-- PROBLEM REQUIREMENTS --
Scan the records beneath this line for the line holding "Marinette's playful baby coloring page" and the line holding "cofounders of WebMechanix.", then transcribe exactly those two and all lines between.

-- PROVIDED INFORMATION --
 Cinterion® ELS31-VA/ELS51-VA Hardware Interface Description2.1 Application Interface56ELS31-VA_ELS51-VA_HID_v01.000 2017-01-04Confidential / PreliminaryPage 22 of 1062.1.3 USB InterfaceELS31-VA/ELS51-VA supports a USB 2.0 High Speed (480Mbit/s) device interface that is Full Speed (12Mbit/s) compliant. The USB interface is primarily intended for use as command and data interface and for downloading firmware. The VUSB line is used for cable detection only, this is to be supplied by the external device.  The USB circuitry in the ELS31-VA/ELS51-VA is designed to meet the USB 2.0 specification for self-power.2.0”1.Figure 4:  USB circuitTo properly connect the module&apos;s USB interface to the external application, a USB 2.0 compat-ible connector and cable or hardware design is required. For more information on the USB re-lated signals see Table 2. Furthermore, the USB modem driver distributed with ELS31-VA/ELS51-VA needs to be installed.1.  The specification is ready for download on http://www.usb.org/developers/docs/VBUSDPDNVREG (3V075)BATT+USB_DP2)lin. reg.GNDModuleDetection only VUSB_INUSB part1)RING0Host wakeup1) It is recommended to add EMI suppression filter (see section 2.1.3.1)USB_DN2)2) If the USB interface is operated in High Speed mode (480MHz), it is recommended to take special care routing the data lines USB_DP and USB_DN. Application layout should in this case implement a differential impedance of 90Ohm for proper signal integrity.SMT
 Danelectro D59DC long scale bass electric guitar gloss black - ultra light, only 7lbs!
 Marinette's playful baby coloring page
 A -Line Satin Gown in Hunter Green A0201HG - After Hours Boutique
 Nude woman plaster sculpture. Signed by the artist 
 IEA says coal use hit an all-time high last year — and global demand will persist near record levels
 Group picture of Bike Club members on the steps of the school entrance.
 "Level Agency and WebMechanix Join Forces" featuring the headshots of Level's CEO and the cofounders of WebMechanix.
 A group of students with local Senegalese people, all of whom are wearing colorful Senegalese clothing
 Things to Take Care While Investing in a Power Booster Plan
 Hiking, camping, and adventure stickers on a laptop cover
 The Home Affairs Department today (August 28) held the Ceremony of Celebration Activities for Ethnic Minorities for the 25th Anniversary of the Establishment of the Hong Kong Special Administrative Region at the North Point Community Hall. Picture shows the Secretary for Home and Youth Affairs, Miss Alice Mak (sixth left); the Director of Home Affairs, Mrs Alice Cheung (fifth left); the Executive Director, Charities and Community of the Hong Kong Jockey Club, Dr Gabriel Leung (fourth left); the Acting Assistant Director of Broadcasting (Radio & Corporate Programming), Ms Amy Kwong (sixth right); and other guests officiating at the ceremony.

-- SOLUTION --
 Marinette's playful baby coloring page
 A -Line Satin Gown in Hunter Green A0201HG - After Hours Boutique
 Nude woman plaster sculpture. Signed by the artist 
 IEA says coal use hit an all-time high last year — and global demand will persist near record levels
 Group picture of Bike Club members on the steps of the school entrance.
 "Level Agency and WebMechanix Join Forces" featuring the headshots of Level's CEO and the cofounders of WebMechanix.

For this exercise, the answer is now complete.